First of all, you will need to download the official Oculus VR app, Oculus Home. If you’ve been using an older development kit model, then make sure you’ve uninstalled any previous runtimes that you may have.
Also, it’s important to note that the new Oculus Home does not* support games and app’s that run on the older 0.8 runtime. So make sure you’re ready to take the step before you install.
If you’re set to go, then head here and download the Oculus Home App. Once installed follow the instructions on the screen to set up your headset and account information.
The Oculus Home environment transports you into a glossy villa, in an autumn setting, in which you can access all of the content currently available for the consumer Rift.
There are three main tabs. Firstly, the Oculus store. Currently, hosting a variety of games and experiences. Ranging from the premium of the bunch, namely, sci-fi dogfighter Eve: Valkyrie ($59.99) and hyper-real racing simulator, Project Cars ($49.99).
All the way to the free experiences, such as the real-time storytelling experience, Colosse and, cute sci-fi explorer, Farlands.

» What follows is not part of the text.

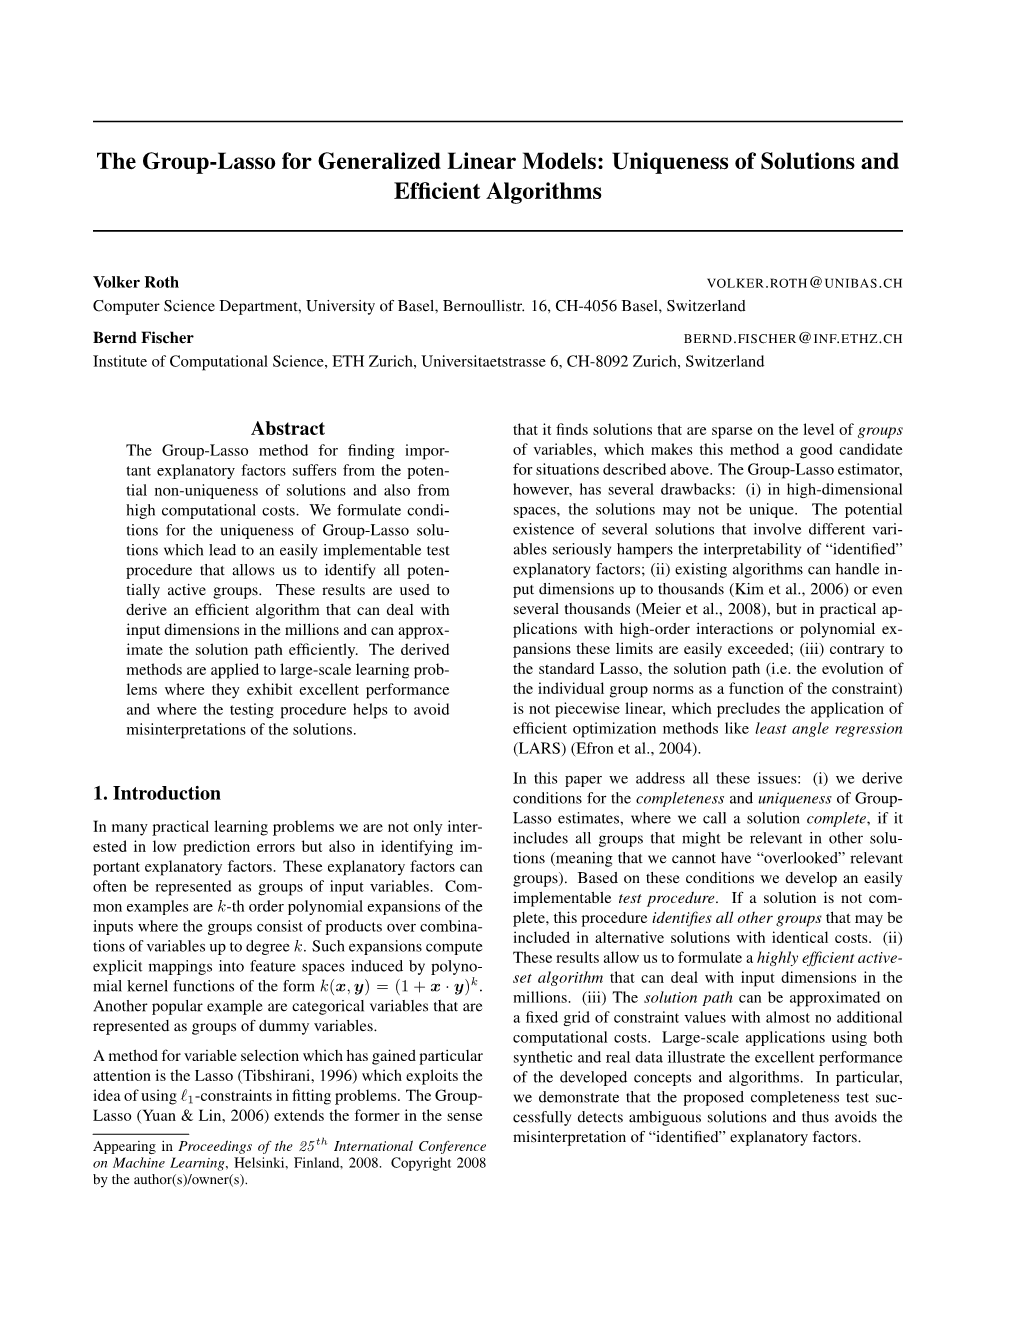 The Group-Lasso for Generalized Linear Models: Uniqueness of Solutions and Efﬁcient Algorithms

Another little tip that its worth mentioning is that some apps, such as Oculus Story Studio production, Lost, are listed as **Free for a limited Time.** So make sure you get them in your library before this is no longer the case.
If you have an Oculus Rift DK2, then you are still able to access the content on Oculus Home. the same is also true if you are using a system that isn’t up to recommended specs.